Measuring the magnitude of reduction in HIV-1 RNA levels accurately is difficult because many patients have a censored reduction due to the limit of detection (LOD) of the virologic assay being employed. The use of censored methods has improved the analysis of such reductions compared with crude methods but implies independent censoring. For HIV-1 RNA reduction data, the value at which a patient's HIV-1 RNA reduction becomes censored is mainly determined by the patient's baseline HIV-1 RNA level. We suggest two possibilities based on modification of the redistribution to the right algorithm to handle the situation of dependence either from a single continuous marker, that is, the baseline HIV-1 RNA level, or from multiple markers. Two series of simulation, one in the HIV-1 RNA setting and one in the classical censoring setting, compared performance of the previous methods with our suggestions.
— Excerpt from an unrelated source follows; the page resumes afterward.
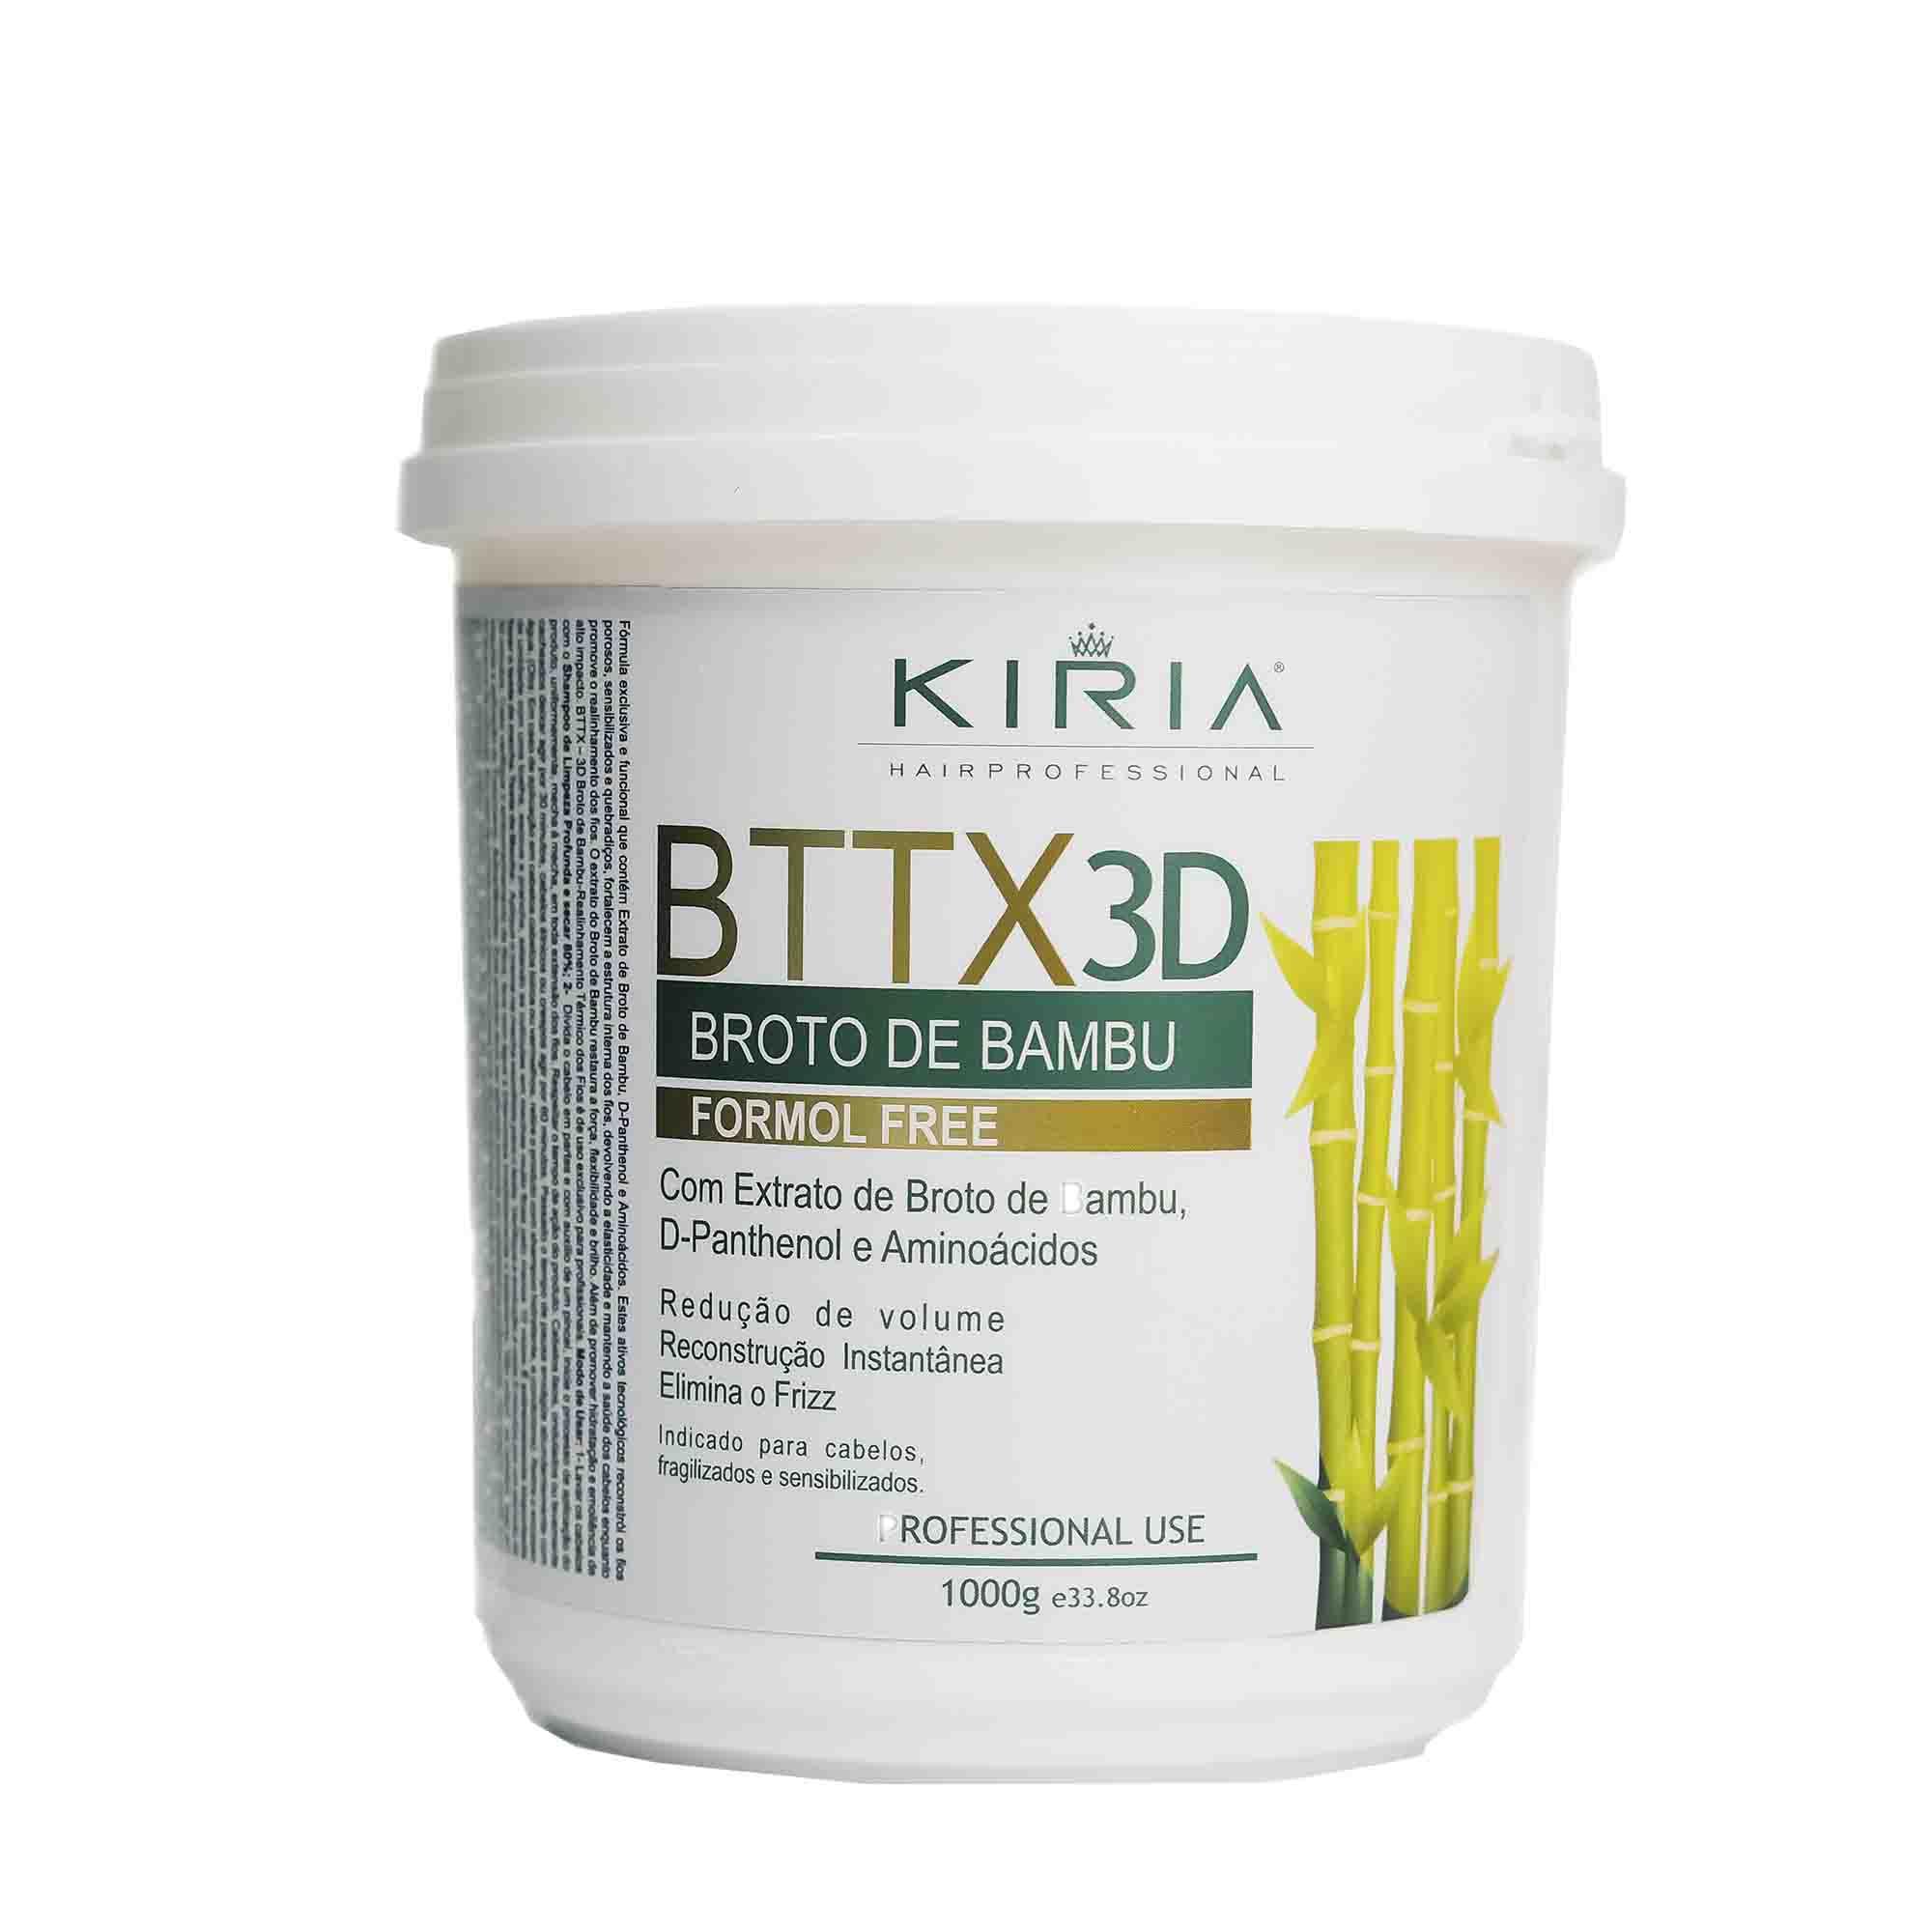 BTTX 3D BROTO DE BAMBU FORMOL FREE - 1000G

Our proposed estimators show good performances when the dependent censoring is due to LOD. Overall, in the classical censoring setting, our suggestions perform as well as other methods including the Inverse Probability of Censoring Weighted and the Kaplan-Meier imputation with Bootstrap. We applied those estimators to estimate the HIV-1 RNA reduction at week 8 of 502 patients who received a raltegravir-containing regimen and to data from the Mayo Clinic trial in primary biliary cirrhosis.

摘要

准确测量HIV-1 RNA水平的降低幅度很困难,因为许多患者由于所采用的病毒学检测方法的检测限(LOD)而出现删失性降低。与粗略方法相比,使用删失方法改善了对此类降低情况的分析,但意味着独立删失。对于HIV-1 RNA降低数据,患者的HIV-1 RNA降低变为删失值主要由患者的基线HIV-1 RNA水平决定。我们基于对向右重新分布算法的修改提出了两种可能性,以处理来自单个连续标志物(即基线HIV-1 RNA水平)或多个标志物的依赖情况。进行了两个系列的模拟,一个在HIV-1 RNA环境中,一个在经典删失环境中,将先前方法的性能与我们的建议进行了比较。当依赖删失是由于LOD时,我们提出的估计器表现良好。总体而言,在经典删失环境中,我们的建议与其他方法(包括删失加权逆概率法和带自助法的Kaplan-Meier插补法)表现相当。我们将这些估计器应用于估计502例接受含raltegravir方案治疗的患者在第8周时的HIV-1 RNA降低情况,并应用于梅奥诊所原发性胆汁性肝硬化试验的数据。